AFTERWORD

‘The Actress’ was first published in the Novel Magazine in May 1923 as ‘A Trap for the Unwary’, the title under which it was re-published in the booklet issued in 1990 to mark the centenary of Christie’s birth.

This story illustrates Christie’s great skill at taking a particular plot device and presenting it again, perhaps in the same form but from a different perspective or with subtle but significant variations to conceal it from the reader. The simple piece of legerdemain in ‘The Actress’ appears in several other stories, most obviously in the intriguing Miss Marple story ‘The Affair at the Bungalow’, collected in The Thirteen Problems (1932), and in the Poirot novel Evil Under the Sun (1941).

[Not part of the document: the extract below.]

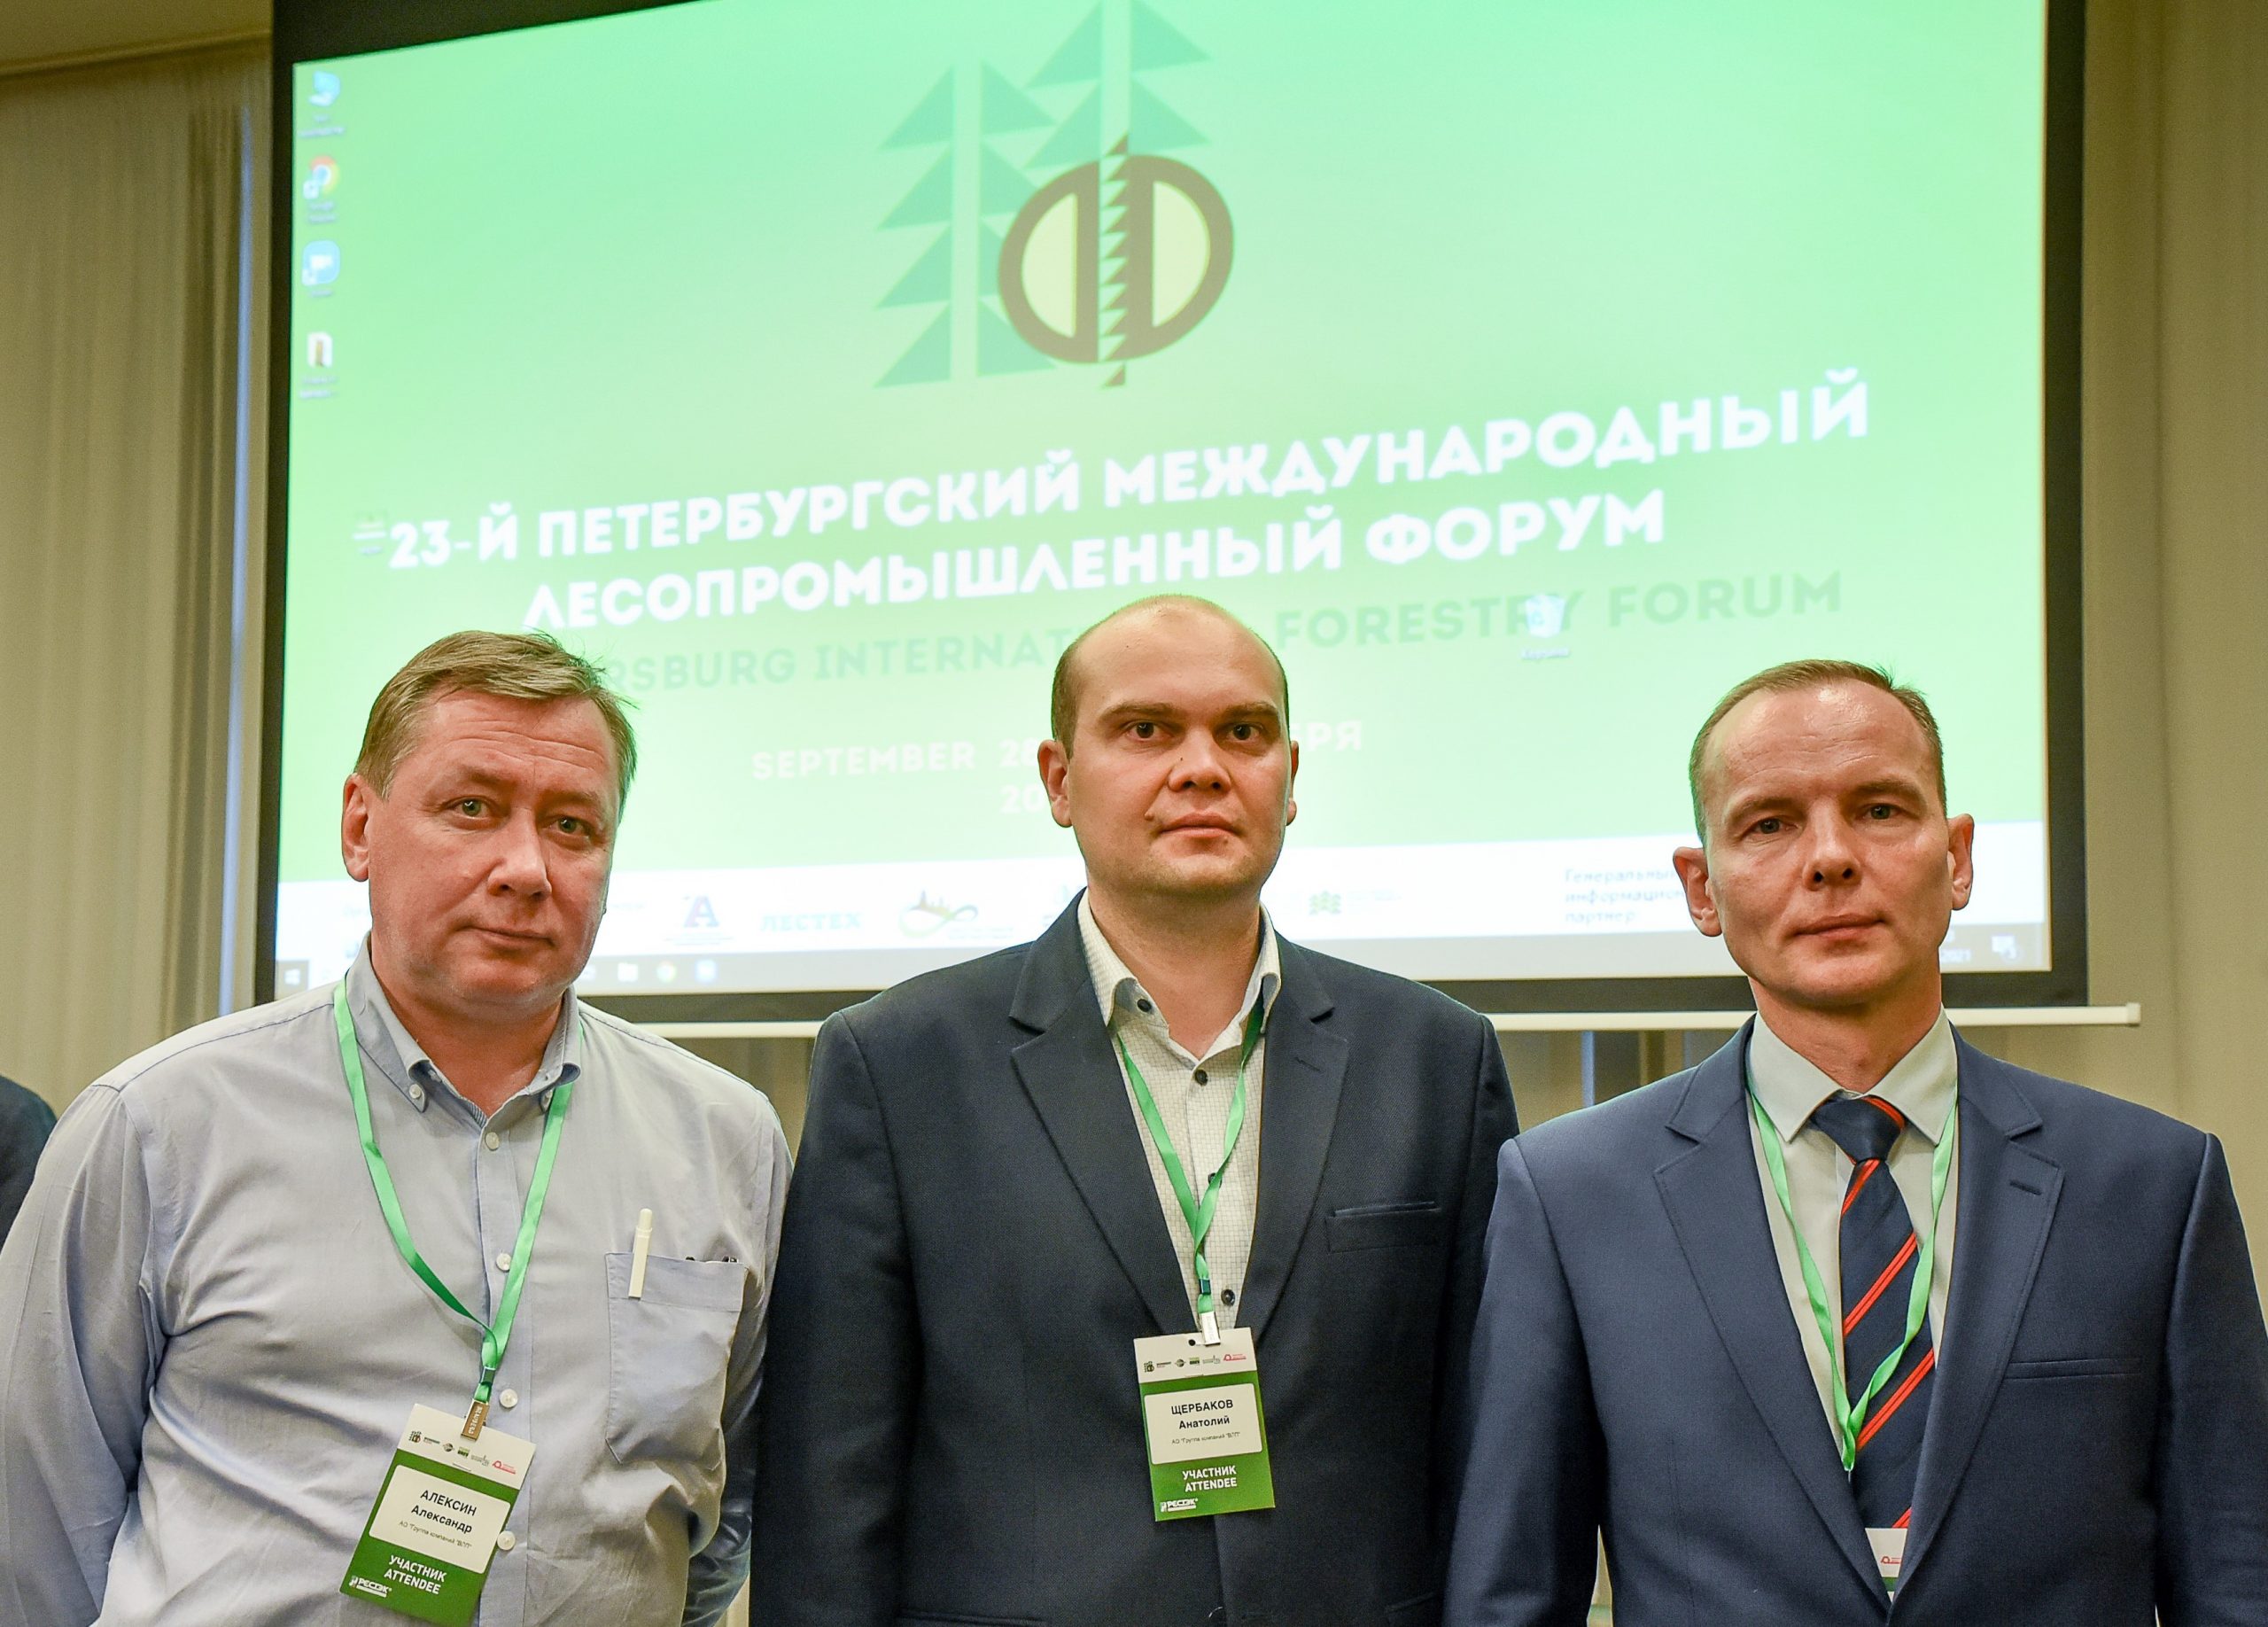 “Vologda timber industrialists” visited the 23rd St. Petersburg International Forestry Forum
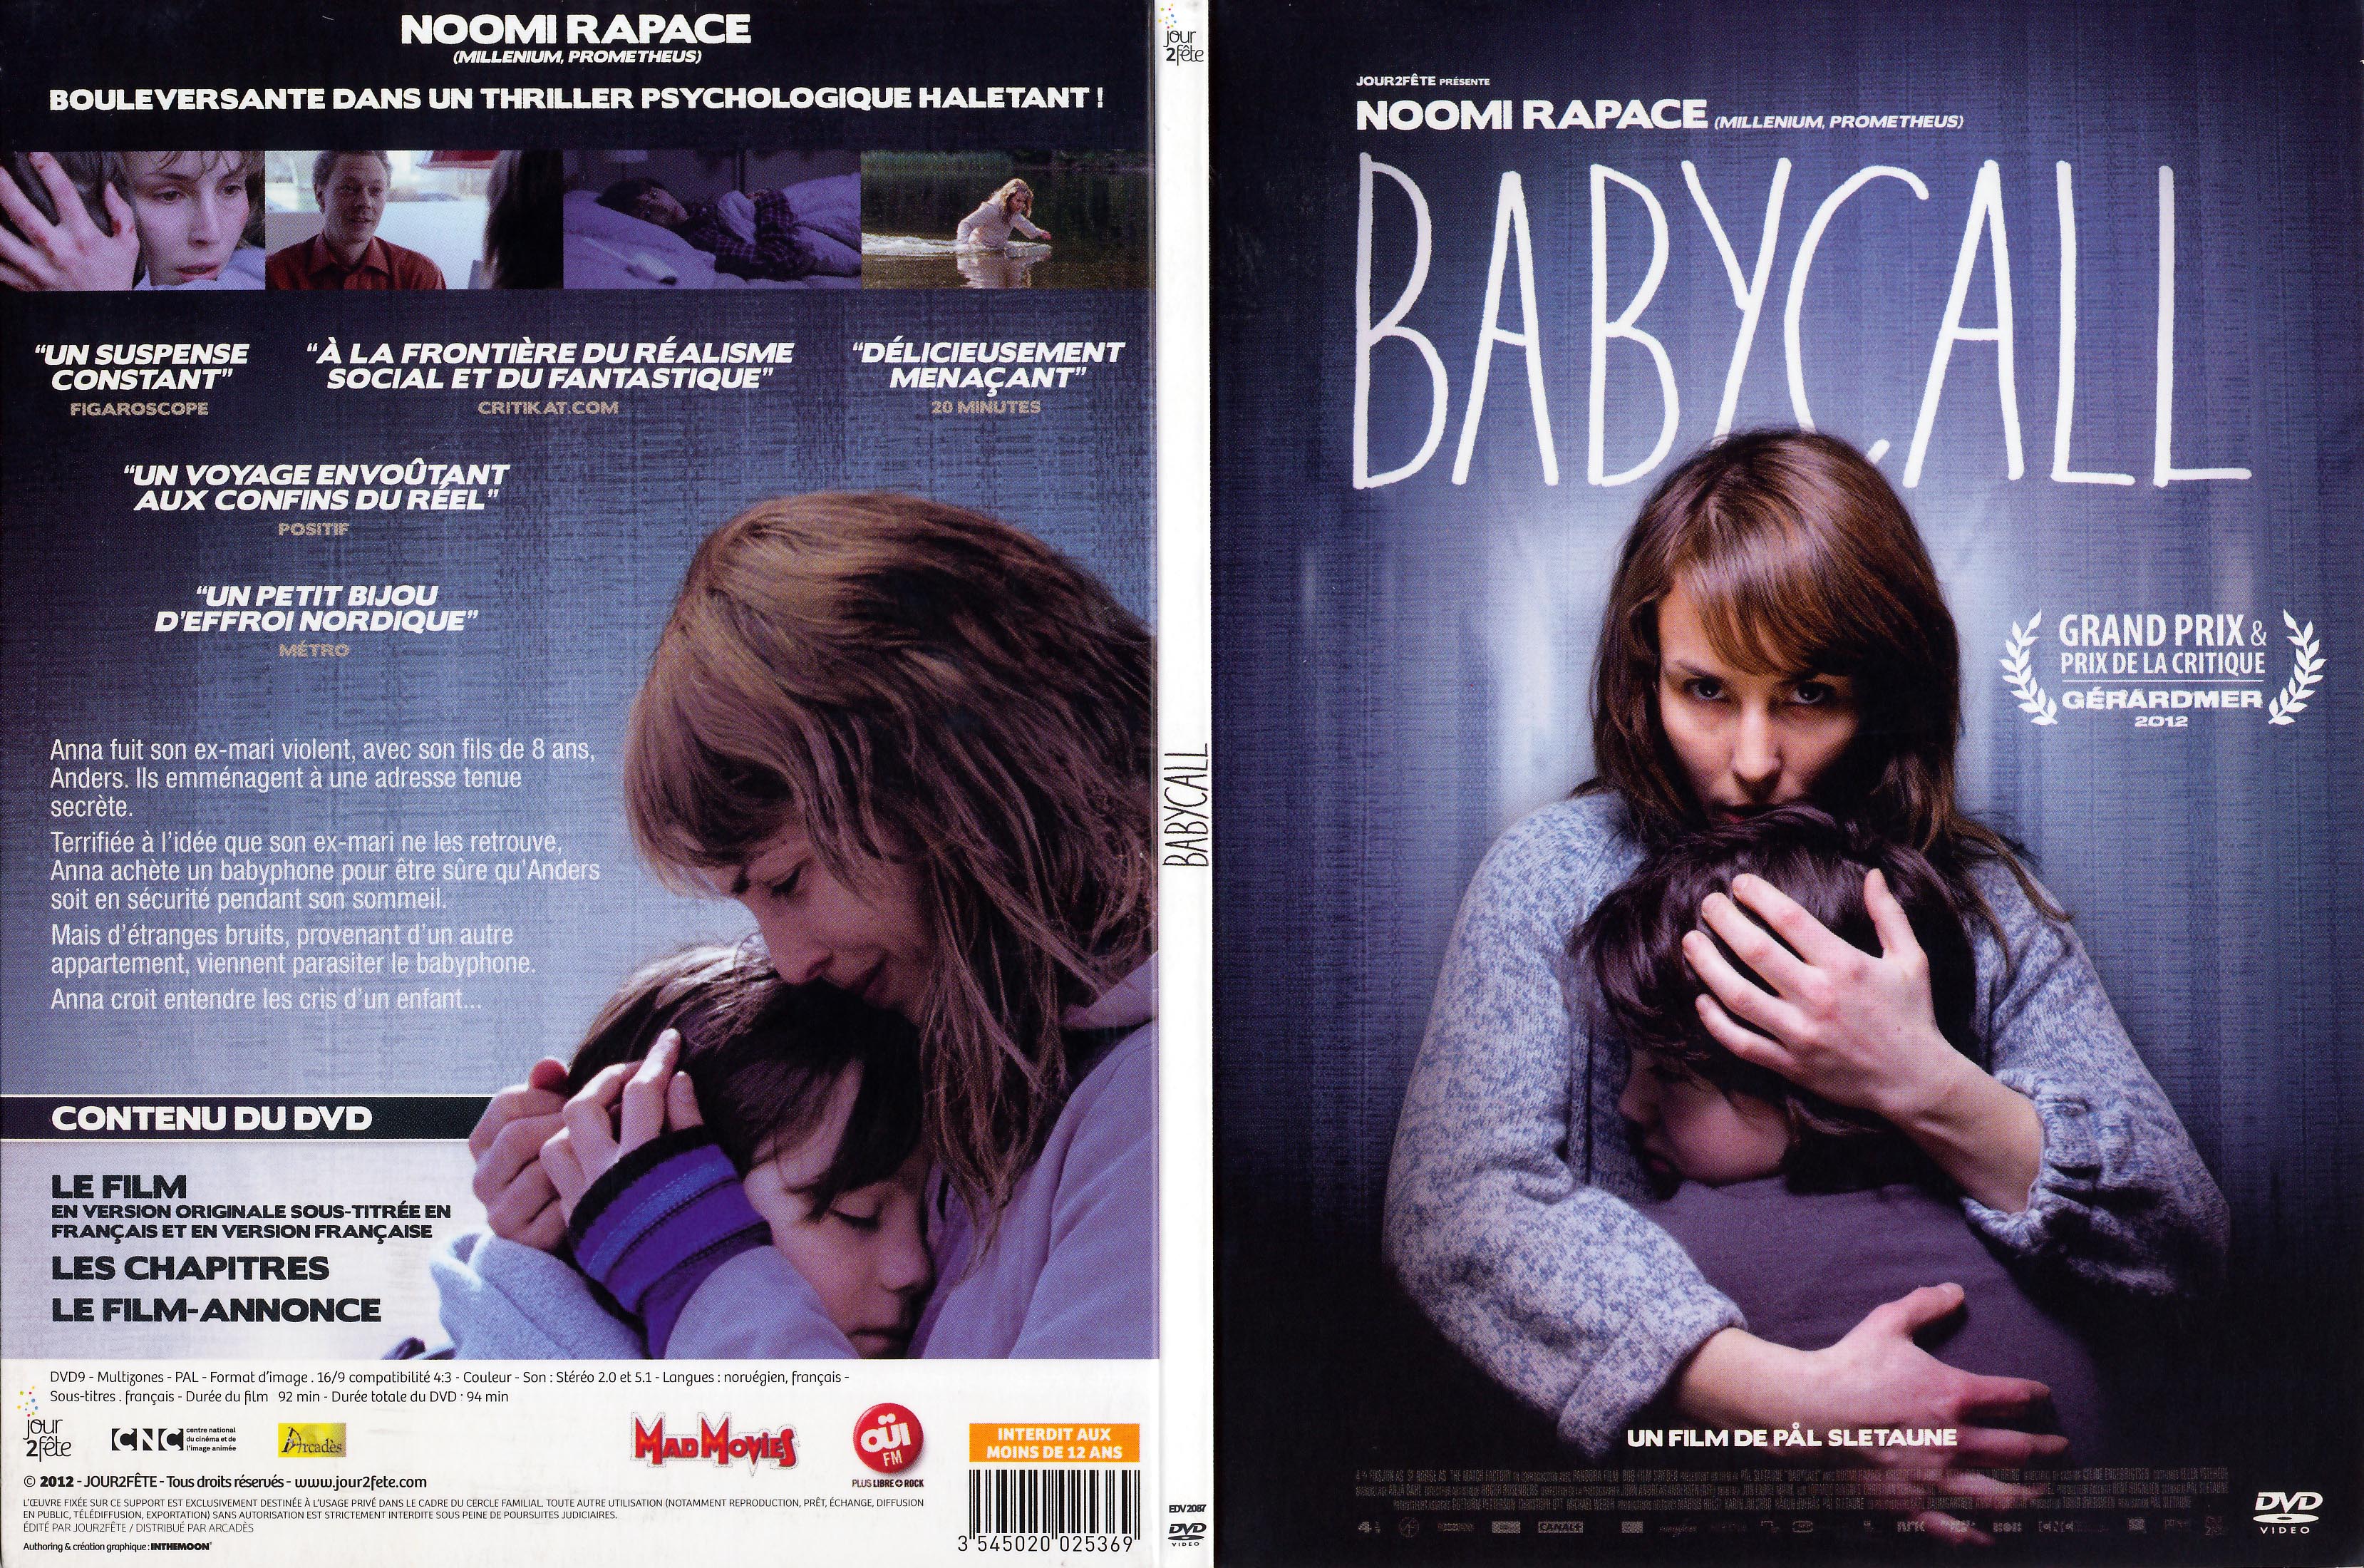 Jaquette DVD Babycall

This story reminds us that Christie is also one of Britain’s most successful playwrights, even though her first play—which she described as ‘an enormously gloomy play which, if my memory serves me correct, was about incest’—was never performed. Her own favourite was Witness for the Prosecution (1953) but the most famous is undoubtedly The Mousetrap (1952), which is still running in London after nearly 50 years. While the plot of The Mousetrap centres on a murderer’s ability to deceive his potential victims, it depends as a piece of theatre on Christie’s awareness of how people in an audience respond to what they see and hear and her supreme ability to manipulate what they then understand to be happening. After The Mousetrap opened in London, the reviewer in The Times commented that ‘the piece admirably fulfils the special requirements of the theatre’ and, as anyone who has been associated with the play or has studied it carefully knows well, there is a secret to its success, or rather to the success of why so few are able to foresee its astounding denouement.